As expectations from regulators continue to rise, models that can explain their predictions may offer an advantage. One lesson is clear: the challenge in medical AI is not performance, but building models that reflect disease biology. Those that do are more robust, more generalizable, and easier to trust. This is the foundation of glass-box AI — aligning models with the scientific reasoning that medicine depends on. 

A Better Way Forward 

Glass-box AI is not just a response to the limits of earlier approaches. It points to a better way forward. When AI is used to guide clinical decisions, it should be able to explain itself clearly. Not just to meet regulatory standards, but to meet the expectations of good science and patient care.  

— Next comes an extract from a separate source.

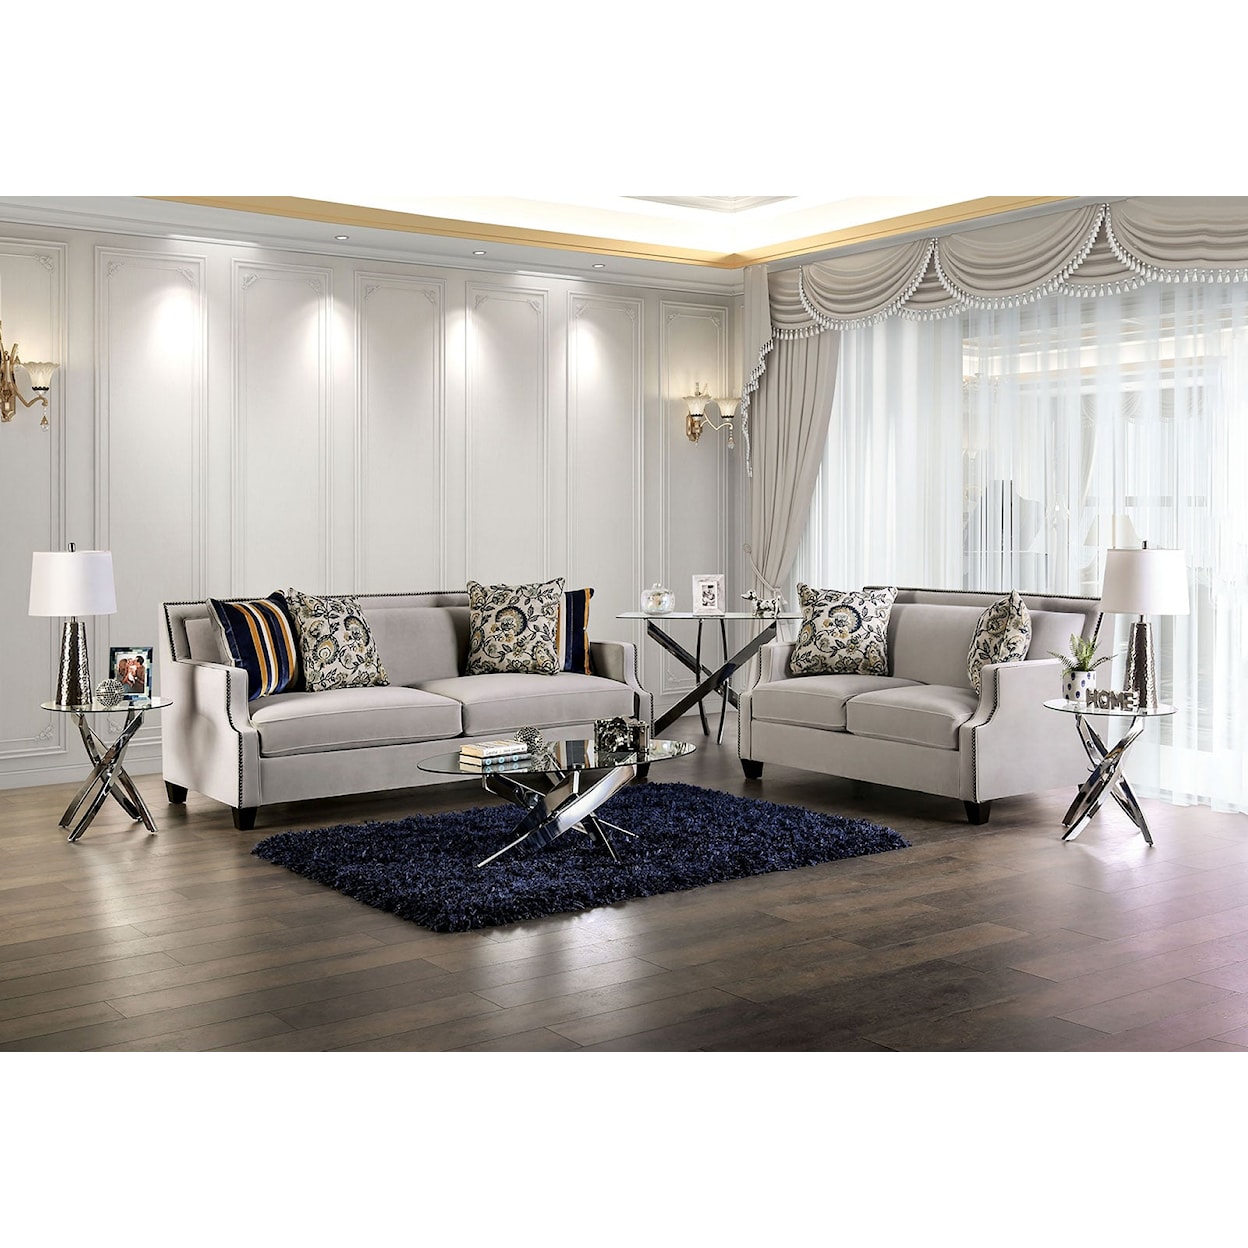 Furniture of America Montecelio 2-Piece Living Room Set

As these tools continue to develop several challenges remain. Imaging-derived biomarkers must be standardized across scanners, institutions, and patient populations. Reproducibility and external validation are essential before clinical adoption. In addition, integrating these tools into clinical workflows requires alignment with regulatory and operational frameworks. 

Medical imaging has always contained more information than we use today. We now have the tools to extract it in a way that is interpretable and biologically grounded. 

That is what will turn AI from a promising technology into a trusted part of medicine. 

About the Author  

Anant Madabhushi, PhD, is Chief Scientific Officer at Picture Health and the Executive Director of the Emory Empathetic AI for Health Institute. He has published more than 500 peer-reviewed papers on computational imaging, radiomics, and machine learning in oncology.  

Disclosure: The author serves as Chief Science Officer at PictureHealth, which developed the QVT biomarker described in this article.